**Stored dataset items**
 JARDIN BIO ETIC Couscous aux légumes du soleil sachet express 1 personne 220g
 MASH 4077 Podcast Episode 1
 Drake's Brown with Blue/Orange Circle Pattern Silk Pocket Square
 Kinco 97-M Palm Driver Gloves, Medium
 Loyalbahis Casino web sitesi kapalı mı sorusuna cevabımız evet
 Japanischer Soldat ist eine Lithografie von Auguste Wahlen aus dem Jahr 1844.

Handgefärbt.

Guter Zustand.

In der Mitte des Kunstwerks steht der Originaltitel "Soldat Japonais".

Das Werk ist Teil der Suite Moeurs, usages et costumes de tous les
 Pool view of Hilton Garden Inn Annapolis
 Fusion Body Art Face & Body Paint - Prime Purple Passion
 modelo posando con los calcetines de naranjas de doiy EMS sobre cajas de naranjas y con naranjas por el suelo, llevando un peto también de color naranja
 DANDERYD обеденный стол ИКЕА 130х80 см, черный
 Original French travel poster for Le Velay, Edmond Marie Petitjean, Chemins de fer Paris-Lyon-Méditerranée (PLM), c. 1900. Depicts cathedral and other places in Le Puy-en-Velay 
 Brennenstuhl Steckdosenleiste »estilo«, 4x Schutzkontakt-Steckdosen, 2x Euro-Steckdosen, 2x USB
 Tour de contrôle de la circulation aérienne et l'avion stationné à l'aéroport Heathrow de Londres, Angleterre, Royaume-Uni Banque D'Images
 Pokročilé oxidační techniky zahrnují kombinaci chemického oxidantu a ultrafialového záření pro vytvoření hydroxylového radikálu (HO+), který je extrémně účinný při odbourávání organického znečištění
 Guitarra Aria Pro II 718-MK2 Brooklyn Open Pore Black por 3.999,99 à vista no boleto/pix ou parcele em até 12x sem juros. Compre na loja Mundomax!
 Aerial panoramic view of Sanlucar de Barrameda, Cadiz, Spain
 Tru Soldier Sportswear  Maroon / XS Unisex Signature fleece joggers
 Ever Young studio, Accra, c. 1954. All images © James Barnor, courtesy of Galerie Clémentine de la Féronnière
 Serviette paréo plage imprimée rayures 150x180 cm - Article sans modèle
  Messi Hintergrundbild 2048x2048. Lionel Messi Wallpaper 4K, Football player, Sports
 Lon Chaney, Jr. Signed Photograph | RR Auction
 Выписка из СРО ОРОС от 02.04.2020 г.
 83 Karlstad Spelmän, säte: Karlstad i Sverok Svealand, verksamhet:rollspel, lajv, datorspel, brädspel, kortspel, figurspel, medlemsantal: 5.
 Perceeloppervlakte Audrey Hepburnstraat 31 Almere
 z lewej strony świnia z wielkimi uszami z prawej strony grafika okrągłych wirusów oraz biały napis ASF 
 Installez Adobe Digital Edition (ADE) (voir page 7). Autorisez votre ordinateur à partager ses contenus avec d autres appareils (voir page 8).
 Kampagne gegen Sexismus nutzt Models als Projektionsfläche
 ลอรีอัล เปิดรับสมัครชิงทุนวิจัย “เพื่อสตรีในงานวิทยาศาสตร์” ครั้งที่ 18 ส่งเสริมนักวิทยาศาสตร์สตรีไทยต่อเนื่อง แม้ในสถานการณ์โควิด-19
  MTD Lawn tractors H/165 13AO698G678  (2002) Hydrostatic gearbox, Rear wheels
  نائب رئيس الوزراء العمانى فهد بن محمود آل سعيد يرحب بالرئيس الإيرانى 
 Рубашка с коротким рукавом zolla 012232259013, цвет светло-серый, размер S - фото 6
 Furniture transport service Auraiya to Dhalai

**Instructions to follow**
In the entries above, the lines from the one bearing "Fusion Body Art" up to and including the one bearing "Pokročilé oxidační techniky" should be transcribed exactly; no other line is wanted.

**Output for this exercise**
 Fusion Body Art Face & Body Paint - Prime Purple Passion
 modelo posando con los calcetines de naranjas de doiy EMS sobre cajas de naranjas y con naranjas por el suelo, llevando un peto también de color naranja
 DANDERYD обеденный стол ИКЕА 130х80 см, черный
 Original French travel poster for Le Velay, Edmond Marie Petitjean, Chemins de fer Paris-Lyon-Méditerranée (PLM), c. 1900. Depicts cathedral and other places in Le Puy-en-Velay 
 Brennenstuhl Steckdosenleiste »estilo«, 4x Schutzkontakt-Steckdosen, 2x Euro-Steckdosen, 2x USB
 Tour de contrôle de la circulation aérienne et l'avion stationné à l'aéroport Heathrow de Londres, Angleterre, Royaume-Uni Banque D'Images
 Pokročilé oxidační techniky zahrnují kombinaci chemického oxidantu a ultrafialového záření pro vytvoření hydroxylového radikálu (HO+), který je extrémně účinný při odbourávání organického znečištění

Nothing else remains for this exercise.